Setting the terms and series equal to zero and finding several constants:

$$2c_{2}$$ + $$c_{1}$$ + $$2c_{0}$$ = 0

$$(n+2)(n+1)c_{n+2}$$ + $$c_{n+1}$$(n+1)$$^{2}$$ + $$2c_{n}$$] = 0

$$c_{0}$$ = -(2c_{2}[/tex]+$$c_{1}$$)/2

$$c_{1}$$ = -2($$c_{0}$$+$$c_{2}$$)

$$c_{2}$$ = -($$c_{1}$$+$$2c_{0}$$)

$$c_{3}$$ = $$(2/3)c_{0}$$

$$c_{4}$$ = $$(c1-4c0)/(3\cdot4)$$

$$c_{5}$$ = $$-(c1+5c0)/(3\cdot5)$$

$$c_{6}$$ = $$(9c1+46c0)/(2\cdot3\cdot5\cdot6)$$

I don't understand how find the solution for the initial values. I can't determine a pattern for the constants for $$c_{n}$$. Are you supposed to group these constants: y = $$c_{0}$$[ 1 + x + ...] + $$c_{1}$$[ 1 + x +...] to get the solution, and if so how do we find the constants for the initial values?
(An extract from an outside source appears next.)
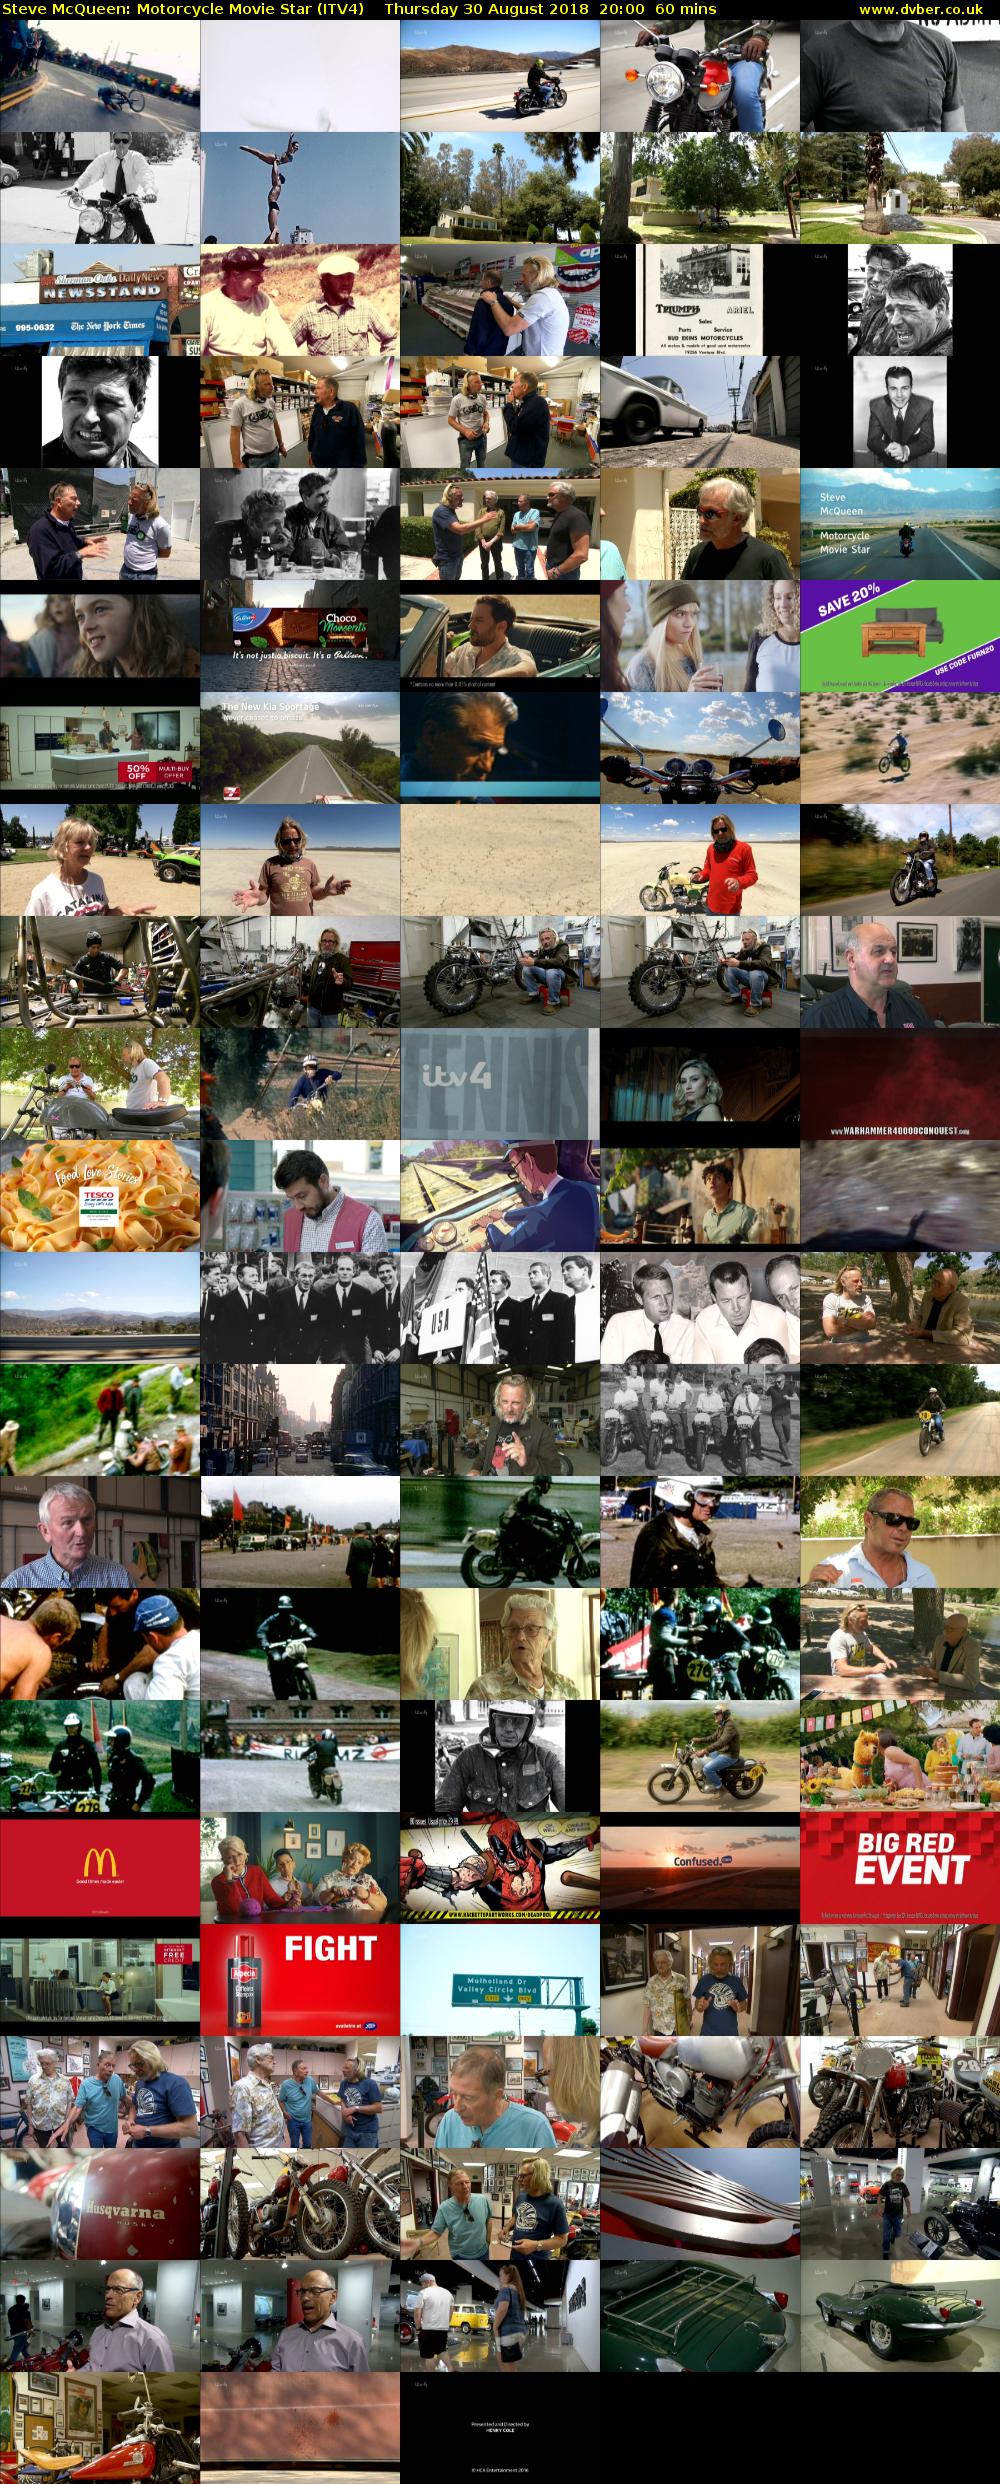 Steve McQueen: Motorcycle Movie Star (ITV4) Thursday 30 August 2018 20:00 - 21:00

Any help will be greatly appreciated.

2. Oct 27, 2009

### Staff: Mentor

Your initial conditions y(1) = 2 and y'(1) = 4 are all in terms of x. Your power series is in terms of t = x - 1, so x = 1 corresponds to t = 0. Does that help?